To divide (a geographic area) into voting districts so as to give unfair advantage to one party in elections.

n.
  1. The act, process, or an instance of gerrymandering.
  2. A district or configuration of districts differing widely in size or population because of gerrymandering.

[After Elbridge GERRY + (SALA)MANDER (from the shape of an election district created while Gerry was governor of Massachusetts).]

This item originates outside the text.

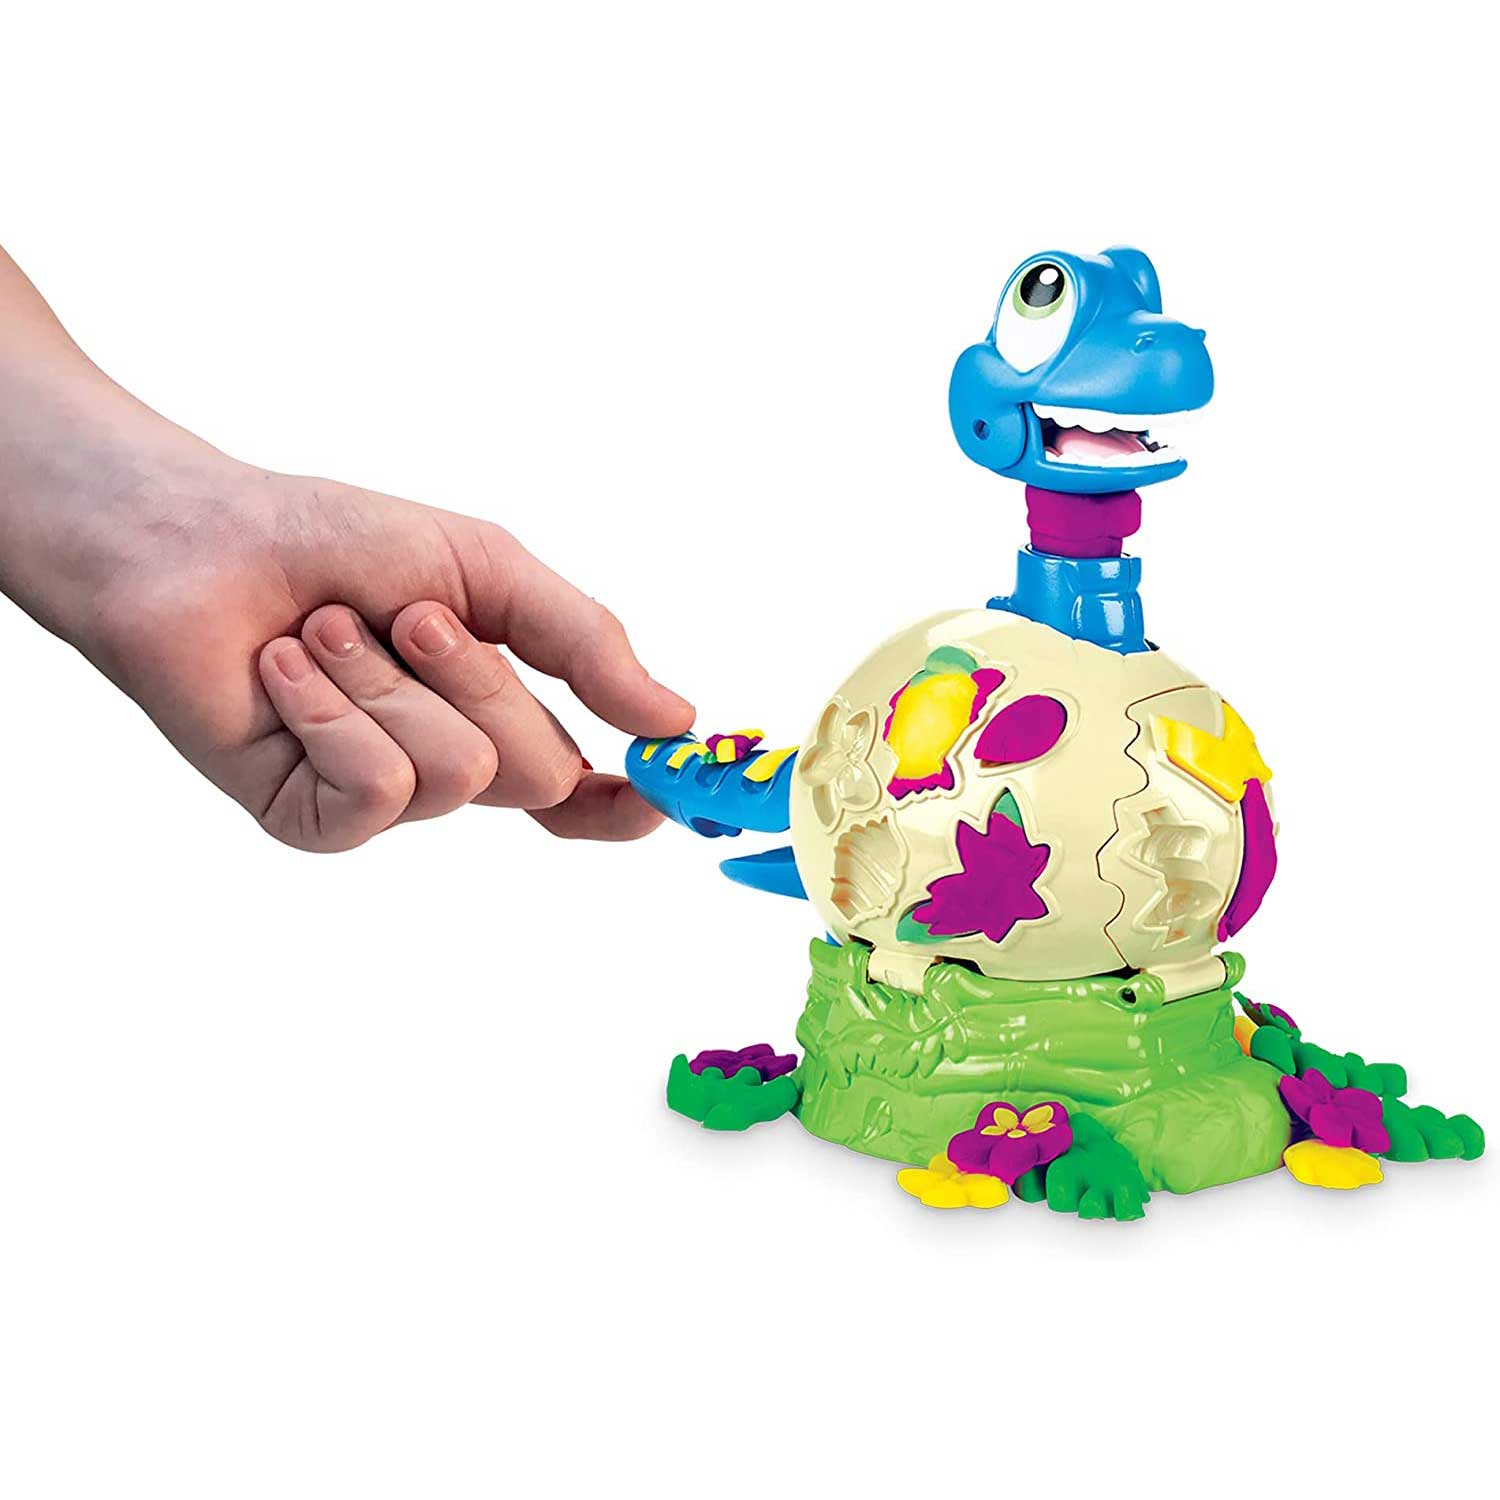 Play-Doh Dino Tools Dinosaur Toys with 3 Cans of Play-Doh Colors

WORD HISTORY   "An official statement of the returns of voters for senators give[s] twenty nine friends of peace, and eleven gerrymanders." So reported the May 12, 1813, edition of the Massachusetts Spy. A gerrymander sounds like a strange political beast, which it is, considered from a historical perspective. This beast was named by combining the word salamander, "a small lizardlike amphibian," with the last name of Elbridge Gerry, a former governor of Massachusetts-a state noted for its varied, often colorful political fauna. Gerry (whose name, incidentally, was pronounced with a hard g, though gerrymander is now commonly pronounced with a soft g) was immortalized in this word because an election district created by members of his party in 1812 looked like a salamander. According to one version of gerrymander's coining, the shape of the district attracted the eye of the painter Gilbert Stuart, who noticed it on a map in a newspaper editor's office. Stuart decorated the outline of the district with a head, wings, and claws and then said to the editor, "That will do for a salamander!" "Gerrymander!" came the reply. The word is first recorded in April 1812 in reference to the creature or its caricature, but it soon came to mean not only "the action of shaping a district to gain political advantage" but also "any representative elected from such a district by that method." Within the same year gerrymander was also recorded as a verb.